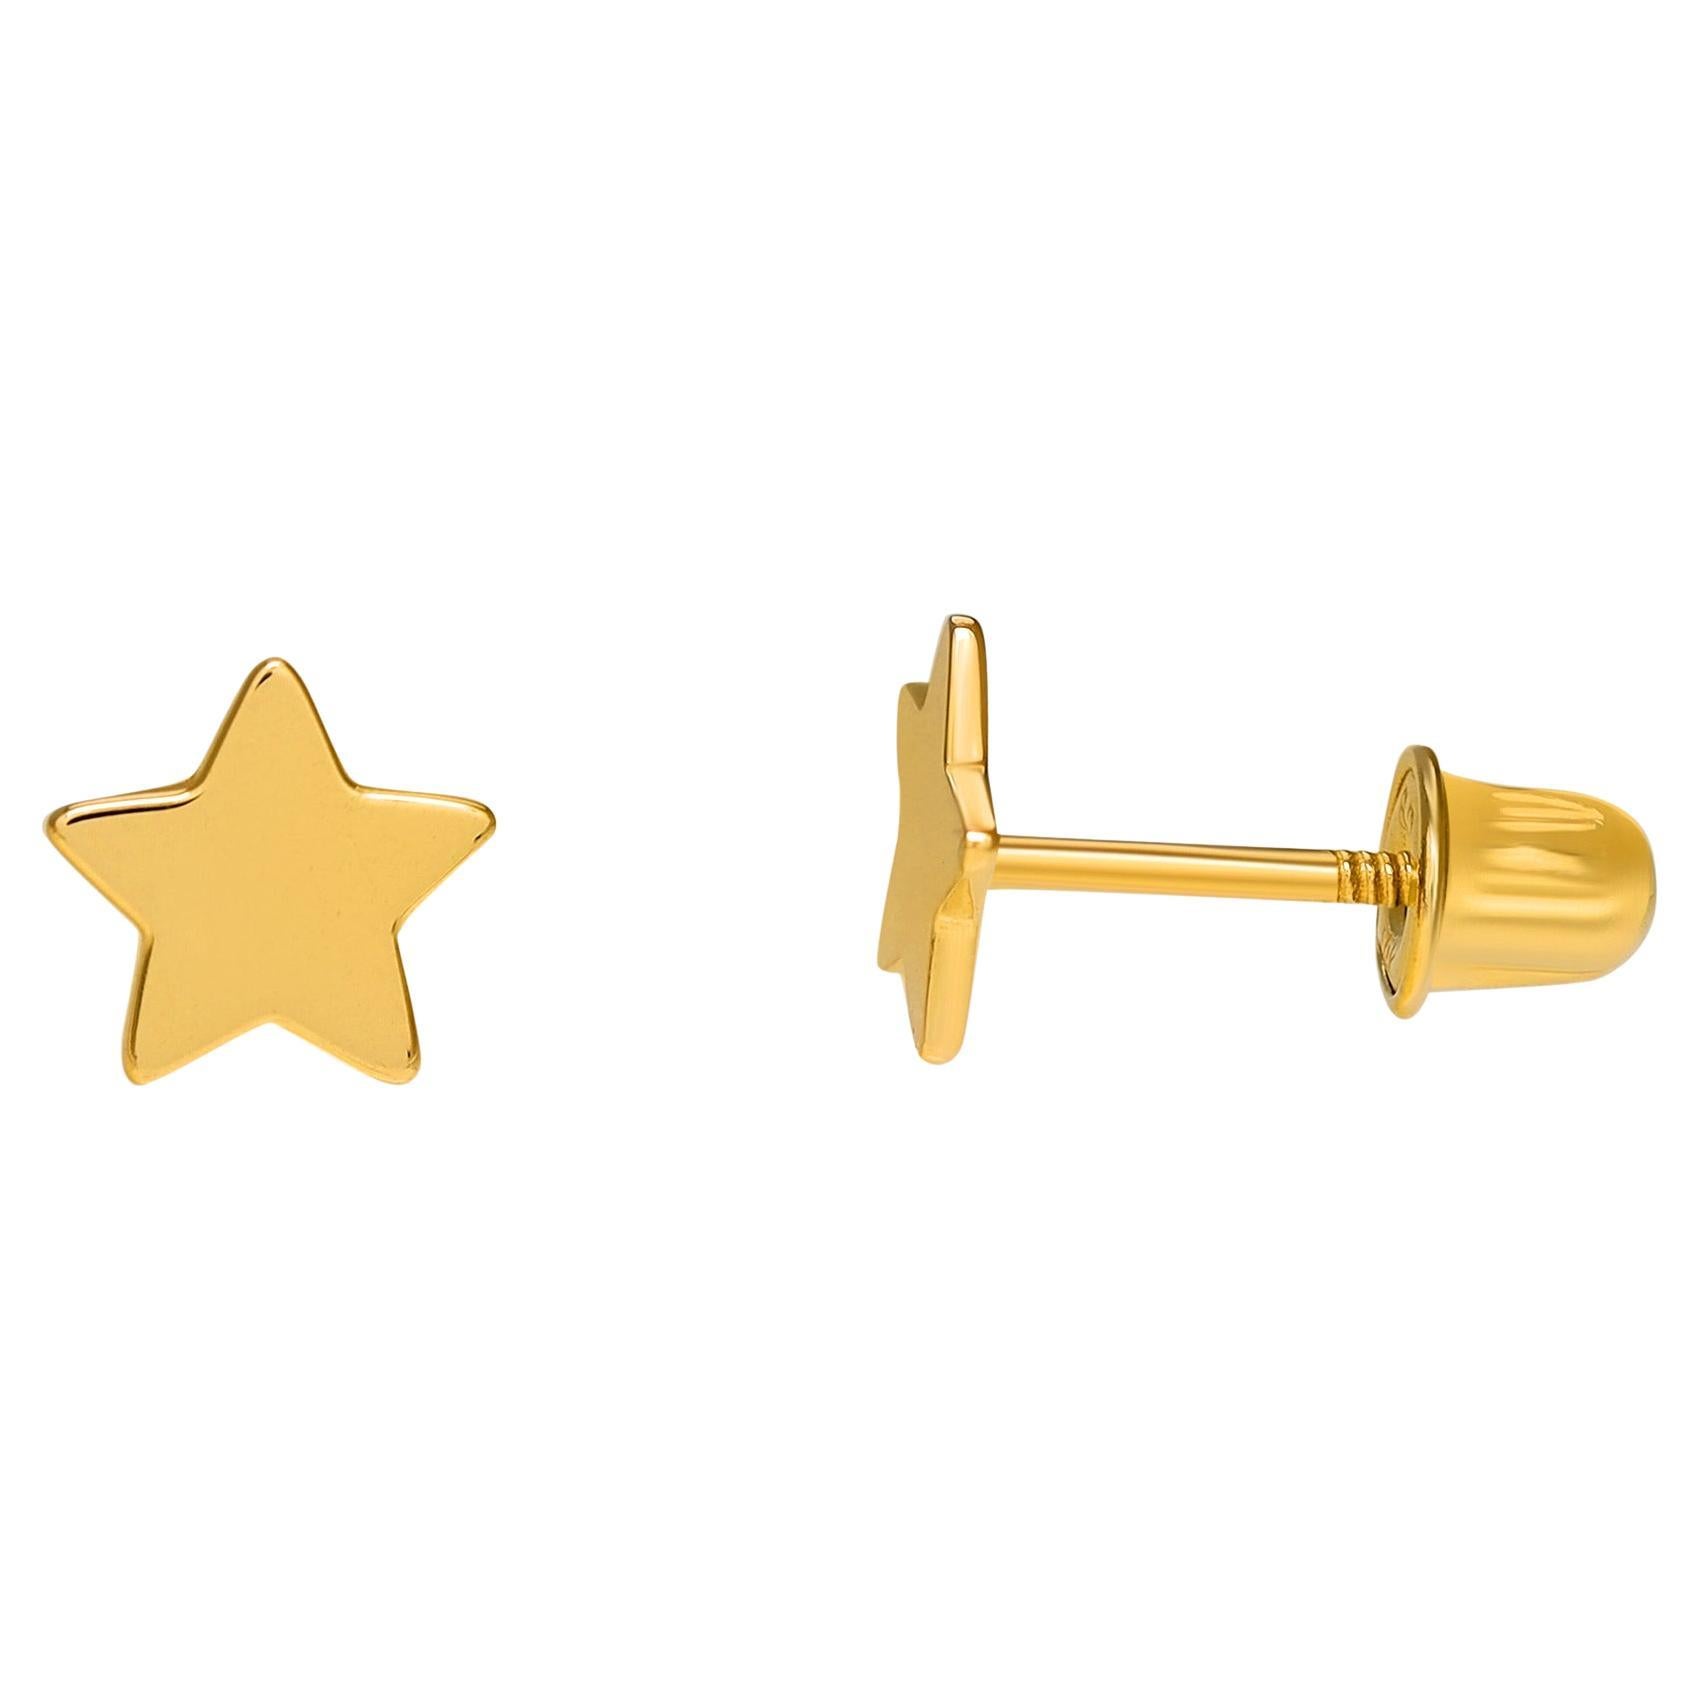 This fun and dainty celestial symbol is an easy and perfect everyday stud. Crafted in highly polished 14K yellow gold. Earring size: 5.3mm approx. Secured with screw back posts. Total weight: 0.43 grams. Makes a great gift for kids and grownups.
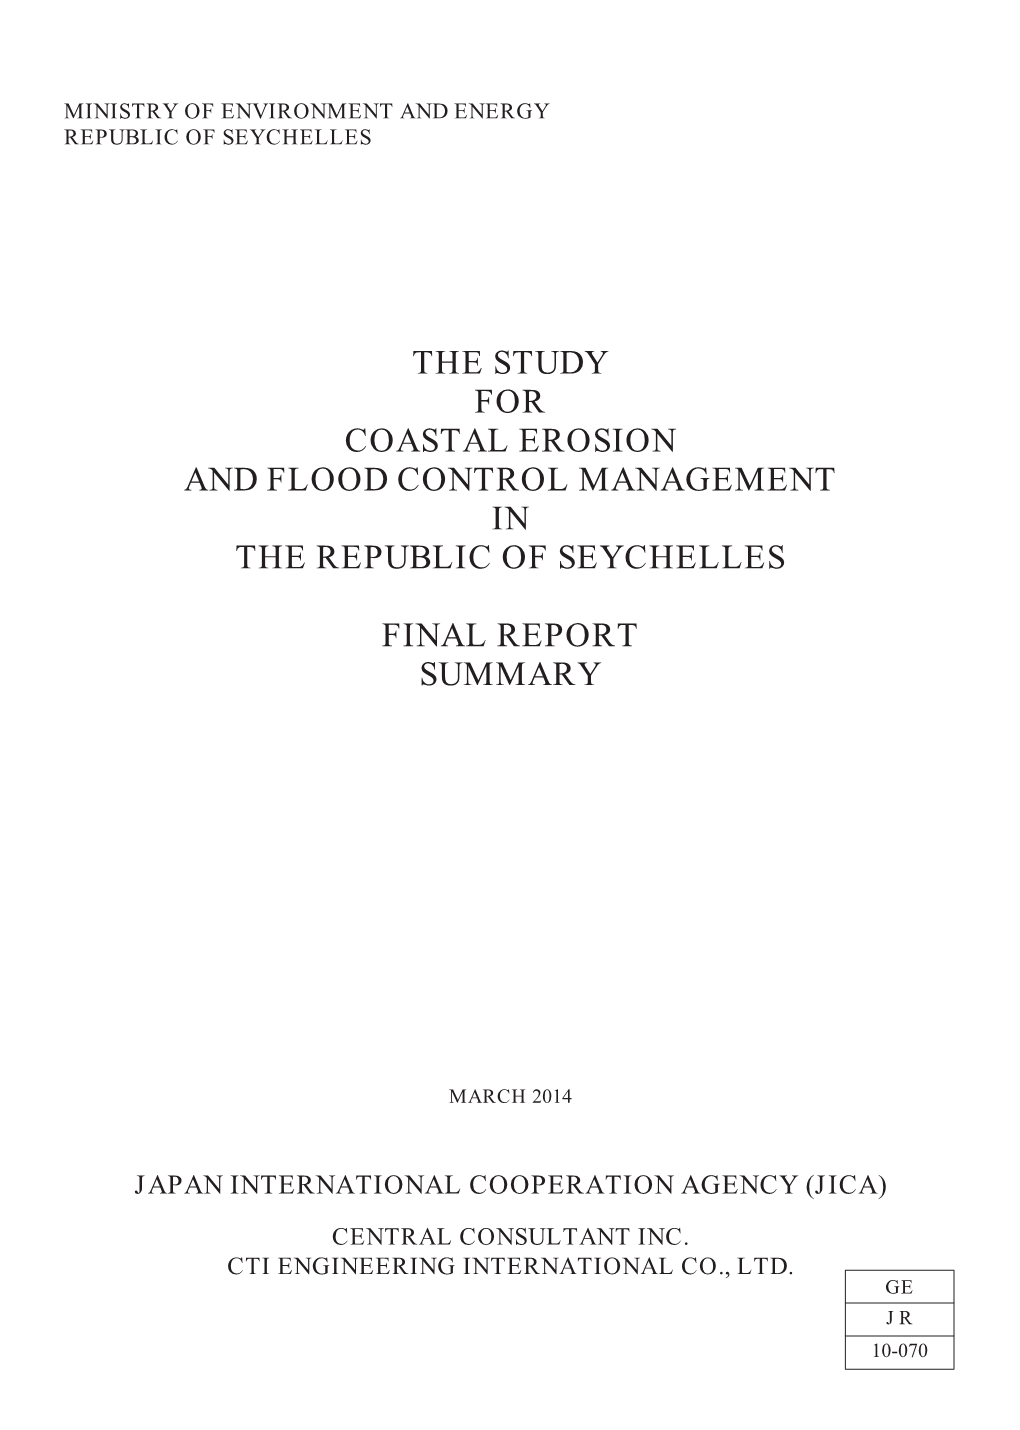 The Study for Coastal Erosion and Flood Control Management in the Republic of Seychelles
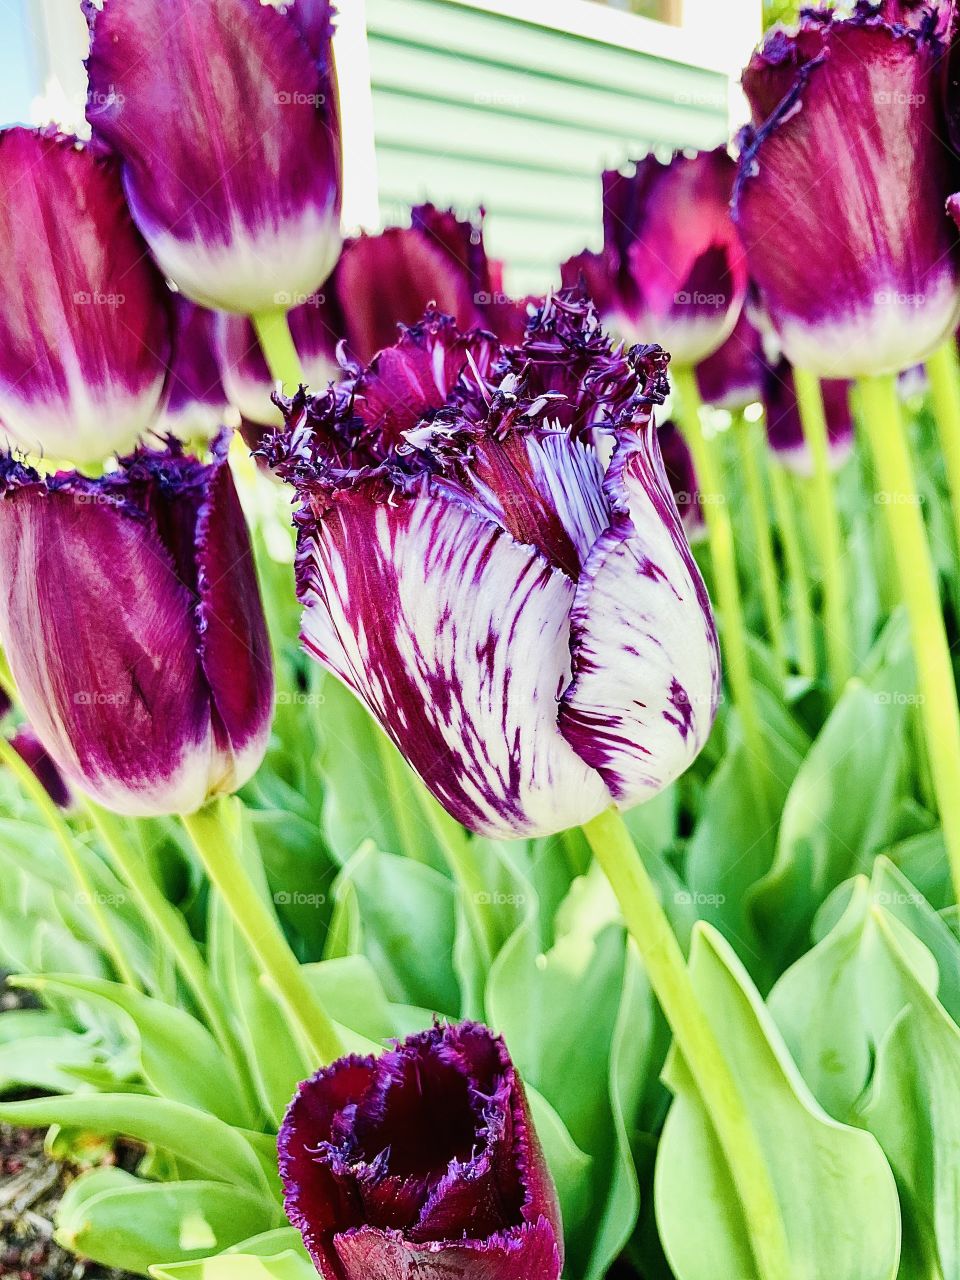 Gorgeous purple and white tulips make for beautiful spring colors!! 
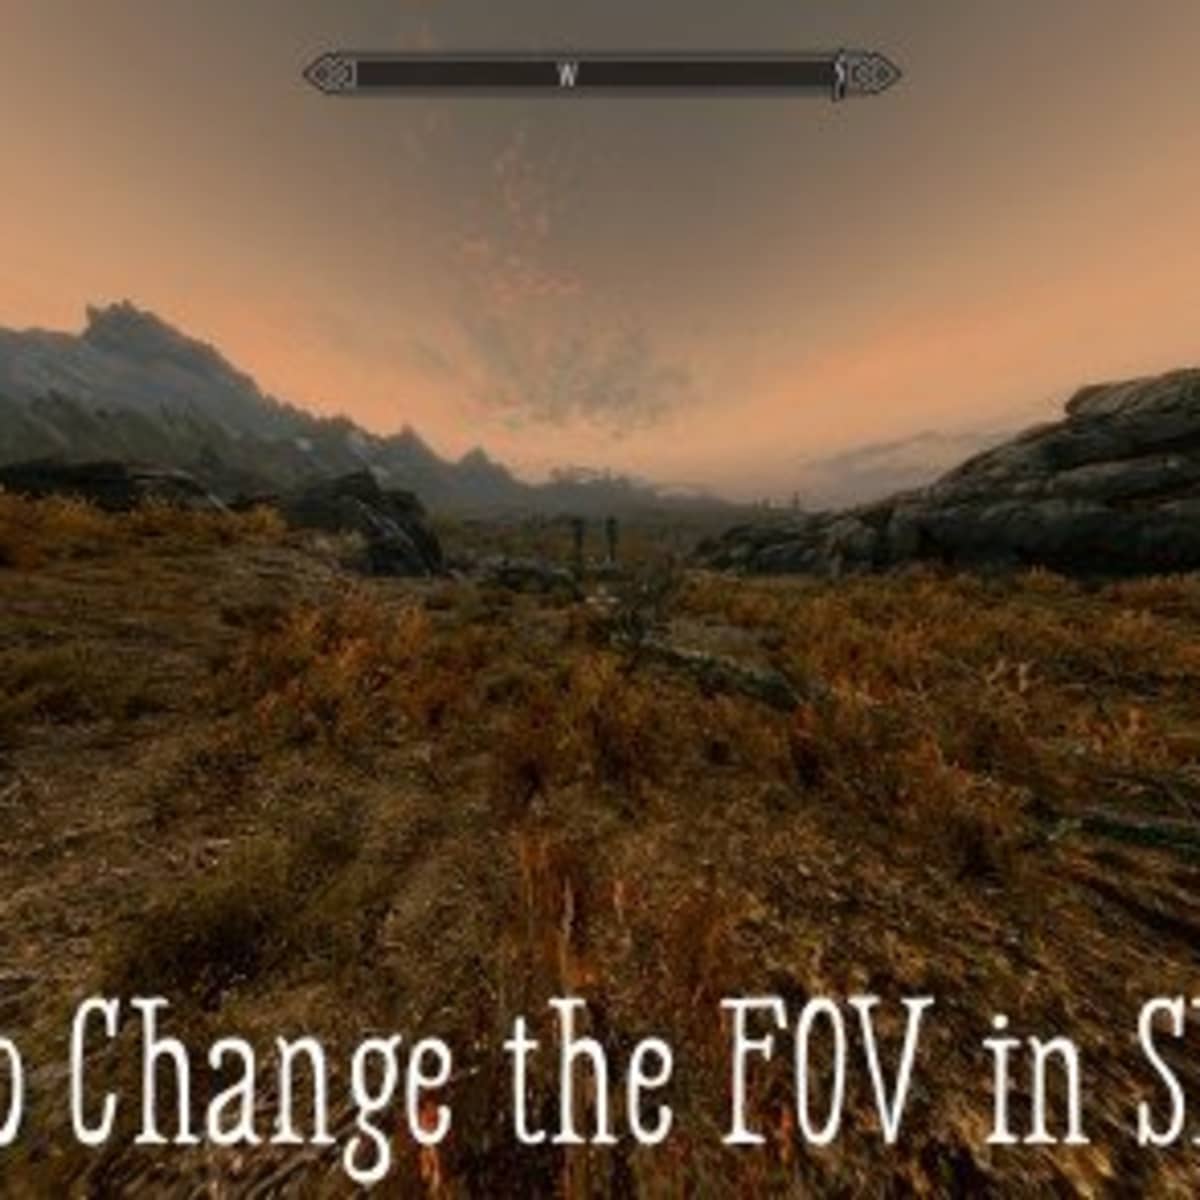 Bermad Monarchie noot How to Change the FOV in "Skyrim" - LevelSkip

Action item = Leaving out the images, repeat the listing above exactly.

Reply =
 This fun and dainty celestial symbol is an easy and perfect everyday stud. Crafted in highly polished 14K yellow gold. Earring size: 5.3mm approx. Secured with screw back posts. Total weight: 0.43 grams. Makes a great gift for kids and grownups.
 The Study for Coastal Erosion and Flood Control Management in the Republic of Seychelles
 Gorgeous purple and white tulips make for beautiful spring colors!! 
 Bermad Monarchie noot How to Change the FOV in "Skyrim" - LevelSkip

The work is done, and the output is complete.